Short, entertaining book on growing up white in a black/hispanic neighborhood. An important look at the ways it was easier for him to escape the neighborhood than it was for many of his friends. Too many people still want to ignore the benefits being white gives you in American society.
The rest of this review is going to be telling a few of my stories of my similar experiences. For more on the book, read one of the other 104 reviews.
I grew up about the same time period as Honky, but in Lawrence, Kansas. Because we lived in a "bad" neighborhood, from kindergarten through fourth grade, I went to a school several miles away, instead of the school just a couple of blocks from our house. But in fifth and sixth grade, that school ran out of room, and the district said I had to attend the school down the street.
Though I remember being scared as hell the first day, it turned out to be a great experience for me. There were only a few other white kids at the school, and I was the only one who could be considered middle class. But in that school, being middle class meant I was quickly labeled as the "rich kid." My junior high was fairly poor, too, so it wasn't until high school that I found out that much of the city was better off than me, and I wasn't so rich after all. But I grew up appreciating all I had. I was the "rich kid," so I knew I didn't have much to complain about compared to my peers. All my friends lived across the street from me in a low-income housing project. They looked across the street and saw me living in what looked like a mansion. So my advantages weren't so subtle in most cases, and I knew I had it good.
Conley writes in Honky about the trouble he gets into and easily escapes because he is white. I didn't do anything quite as shocking as Conley writes about, but one story from junior high sticks out. My friend David and I were in English class when he dropped his pencil and bent down to pick it up. I kicked him in the butt and sent him sprawling to the floor. The teacher immediately told him to go to the principal's office. Not selling me out (yet), he protested, "For falling out of my chair?" She just told him to shut up and go.

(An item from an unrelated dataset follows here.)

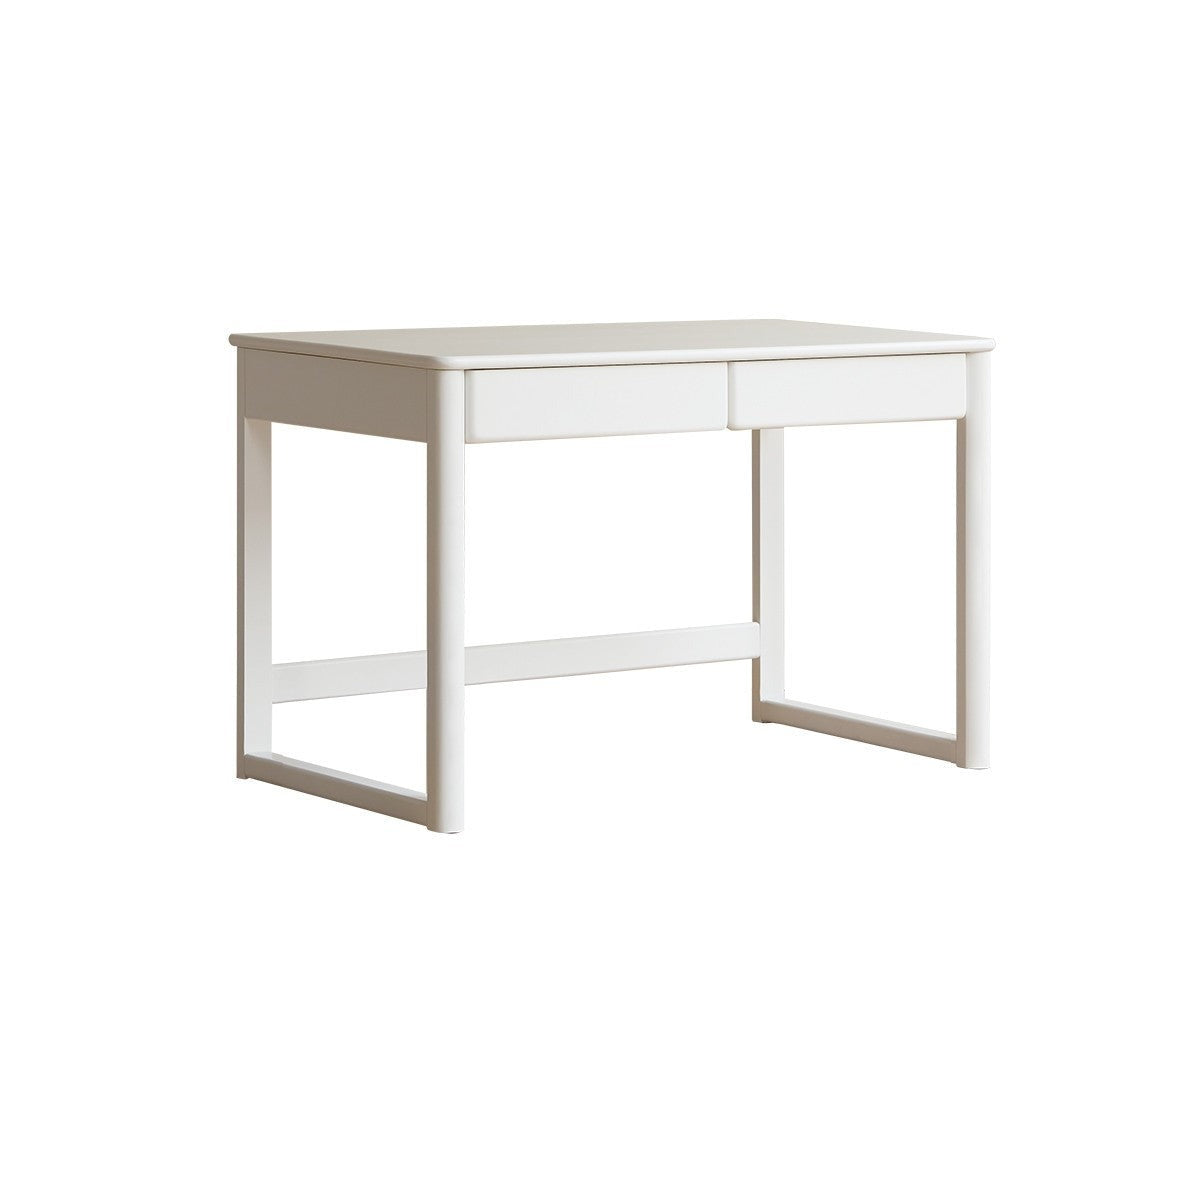 Poplar solid wood study table writing desk white cream"
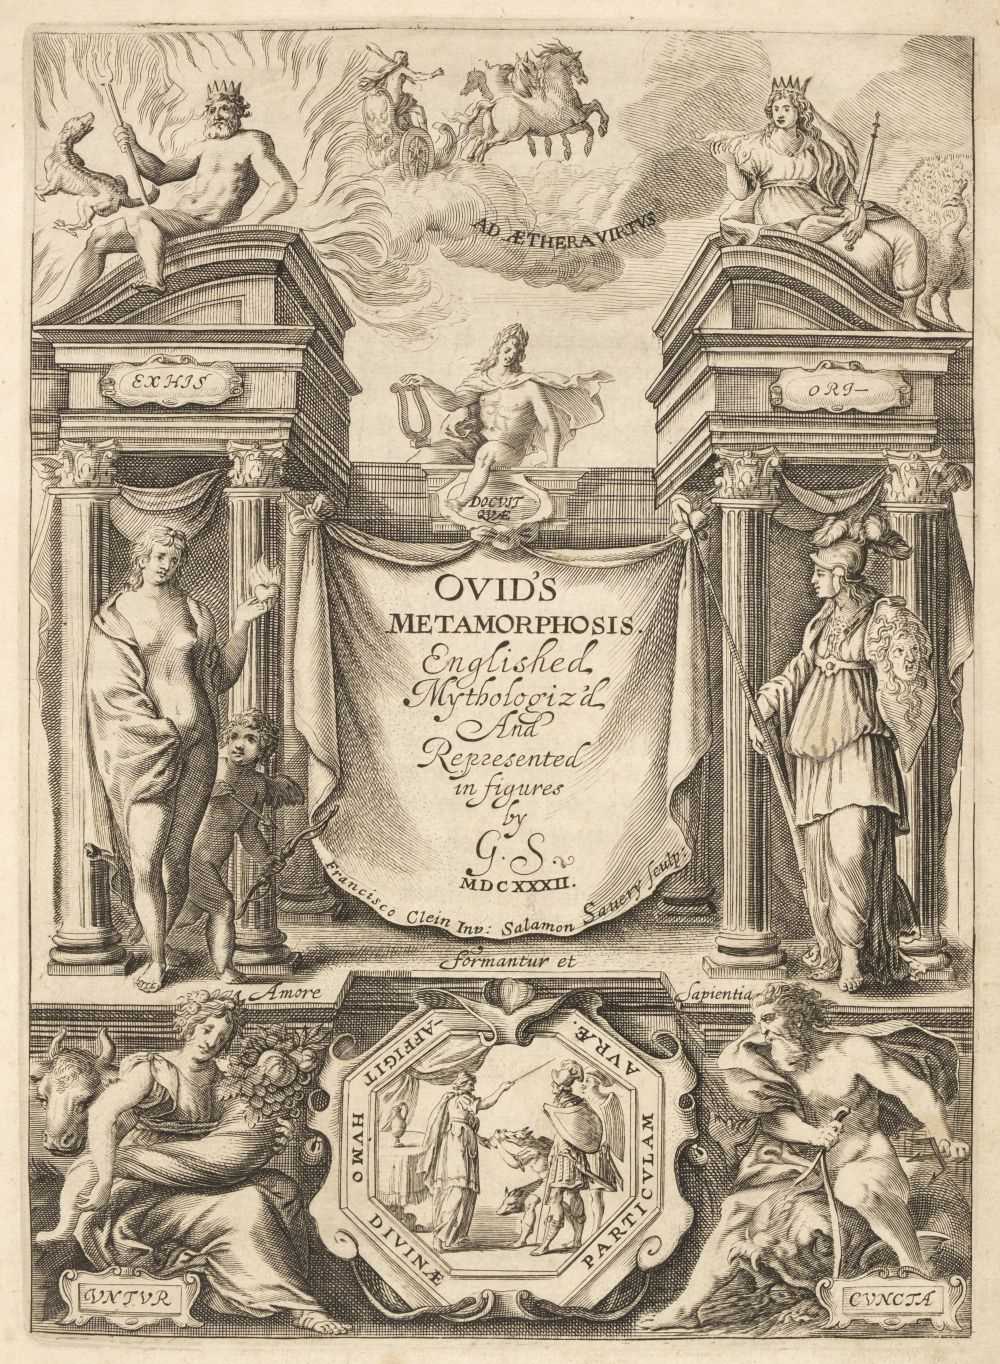 Lot 209 - Ovidius Naso (Publius). Ovid's Metamorphosis Englished..., 1632

Once at the principal's office, David fessed up to the whole story, but the principal wouldn't believe it, asking, "Do you know how many times Jay has been sent down to the office during his years here?" "Probably none," my friend, replied. "That's right. Now, do you want me to call him down here and find out what really happened?" David: "Yeah, go ahead." Principal: "I don't think that will be necessary. Go sit in the hall."
So, I did something wrong, and David was punished. Was it because I was white, and David was hispanic? Did I never get in trouble because I was white or because I was good? Which came first, the chicken or the egg?